▶ [Task]:
Below are the records. List every line holding the word "Coffee".

▶ [Information shown]:
====
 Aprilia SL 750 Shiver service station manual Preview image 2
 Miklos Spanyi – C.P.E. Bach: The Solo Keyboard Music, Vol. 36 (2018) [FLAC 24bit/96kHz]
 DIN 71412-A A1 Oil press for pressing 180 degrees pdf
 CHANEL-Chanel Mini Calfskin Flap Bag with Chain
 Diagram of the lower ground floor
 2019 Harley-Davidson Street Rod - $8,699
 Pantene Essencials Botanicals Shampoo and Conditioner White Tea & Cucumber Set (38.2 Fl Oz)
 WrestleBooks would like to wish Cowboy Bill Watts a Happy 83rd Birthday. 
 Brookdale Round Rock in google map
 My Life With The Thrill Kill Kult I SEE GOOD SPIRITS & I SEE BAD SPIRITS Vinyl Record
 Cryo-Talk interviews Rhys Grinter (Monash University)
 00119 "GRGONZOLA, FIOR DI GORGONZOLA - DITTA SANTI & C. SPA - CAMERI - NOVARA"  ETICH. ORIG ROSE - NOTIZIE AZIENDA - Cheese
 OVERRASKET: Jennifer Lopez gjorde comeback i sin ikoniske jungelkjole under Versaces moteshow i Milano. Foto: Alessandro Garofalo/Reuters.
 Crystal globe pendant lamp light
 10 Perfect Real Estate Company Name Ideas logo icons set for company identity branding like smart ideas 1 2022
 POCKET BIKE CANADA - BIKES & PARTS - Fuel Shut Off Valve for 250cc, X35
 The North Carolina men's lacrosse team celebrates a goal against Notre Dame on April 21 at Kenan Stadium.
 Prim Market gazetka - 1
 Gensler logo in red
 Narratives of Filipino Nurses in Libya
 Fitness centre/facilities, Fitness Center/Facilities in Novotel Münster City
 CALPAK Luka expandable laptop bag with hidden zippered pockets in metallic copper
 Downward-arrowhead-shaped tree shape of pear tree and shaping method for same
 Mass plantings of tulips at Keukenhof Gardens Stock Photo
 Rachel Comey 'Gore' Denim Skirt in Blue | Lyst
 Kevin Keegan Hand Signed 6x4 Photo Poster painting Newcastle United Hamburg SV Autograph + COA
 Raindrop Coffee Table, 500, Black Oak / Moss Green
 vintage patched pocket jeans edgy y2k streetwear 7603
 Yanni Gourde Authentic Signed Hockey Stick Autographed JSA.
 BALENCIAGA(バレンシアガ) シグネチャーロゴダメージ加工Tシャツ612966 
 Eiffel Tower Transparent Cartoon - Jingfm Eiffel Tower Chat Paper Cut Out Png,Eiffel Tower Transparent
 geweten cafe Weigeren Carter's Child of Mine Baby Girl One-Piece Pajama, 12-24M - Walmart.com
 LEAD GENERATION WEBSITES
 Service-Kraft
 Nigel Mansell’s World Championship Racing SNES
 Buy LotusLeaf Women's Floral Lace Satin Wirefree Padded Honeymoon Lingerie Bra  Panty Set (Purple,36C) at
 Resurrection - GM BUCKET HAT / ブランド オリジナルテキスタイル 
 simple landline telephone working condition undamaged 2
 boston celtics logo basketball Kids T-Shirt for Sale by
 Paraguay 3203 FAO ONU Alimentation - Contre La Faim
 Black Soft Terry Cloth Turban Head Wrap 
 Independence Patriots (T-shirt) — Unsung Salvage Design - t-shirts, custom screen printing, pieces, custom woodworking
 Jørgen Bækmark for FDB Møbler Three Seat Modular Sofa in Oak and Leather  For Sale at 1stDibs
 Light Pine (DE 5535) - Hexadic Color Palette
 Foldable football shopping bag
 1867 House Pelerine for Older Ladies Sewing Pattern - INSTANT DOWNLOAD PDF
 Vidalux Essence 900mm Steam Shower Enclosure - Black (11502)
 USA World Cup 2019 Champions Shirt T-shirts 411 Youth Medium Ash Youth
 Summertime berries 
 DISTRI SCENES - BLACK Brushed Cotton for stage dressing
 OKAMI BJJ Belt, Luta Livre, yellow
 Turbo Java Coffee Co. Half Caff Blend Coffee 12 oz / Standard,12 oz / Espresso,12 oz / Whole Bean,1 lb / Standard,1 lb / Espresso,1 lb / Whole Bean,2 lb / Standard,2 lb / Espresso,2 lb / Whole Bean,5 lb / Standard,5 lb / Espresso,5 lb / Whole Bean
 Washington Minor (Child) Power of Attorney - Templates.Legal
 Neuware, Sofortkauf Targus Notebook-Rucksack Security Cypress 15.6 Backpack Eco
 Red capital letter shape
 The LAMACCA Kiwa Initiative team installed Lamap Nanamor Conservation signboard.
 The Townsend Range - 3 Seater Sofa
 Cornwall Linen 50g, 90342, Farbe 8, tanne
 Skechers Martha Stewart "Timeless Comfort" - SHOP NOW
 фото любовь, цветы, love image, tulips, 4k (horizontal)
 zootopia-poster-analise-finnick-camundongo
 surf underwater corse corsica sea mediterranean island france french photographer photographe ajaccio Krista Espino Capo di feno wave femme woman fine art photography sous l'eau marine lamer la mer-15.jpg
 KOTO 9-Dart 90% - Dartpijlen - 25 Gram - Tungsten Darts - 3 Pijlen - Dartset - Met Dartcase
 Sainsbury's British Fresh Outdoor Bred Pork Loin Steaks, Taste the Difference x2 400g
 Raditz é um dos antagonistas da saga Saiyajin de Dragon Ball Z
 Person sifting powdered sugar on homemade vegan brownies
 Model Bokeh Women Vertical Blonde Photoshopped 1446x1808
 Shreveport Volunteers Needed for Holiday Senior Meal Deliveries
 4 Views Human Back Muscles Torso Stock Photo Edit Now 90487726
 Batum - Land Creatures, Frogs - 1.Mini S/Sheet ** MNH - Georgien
====
▶ [Result of this exercise]:
 Raindrop Coffee Table, 500, Black Oak / Moss Green
 Turbo Java Coffee Co. Half Caff Blend Coffee 12 oz / Standard,12 oz / Espresso,12 oz / Whole Bean,1 lb / Standard,1 lb / Espresso,1 lb / Whole Bean,2 lb / Standard,2 lb / Espresso,2 lb / Whole Bean,5 lb / Standard,5 lb / Espresso,5 lb / Whole Bean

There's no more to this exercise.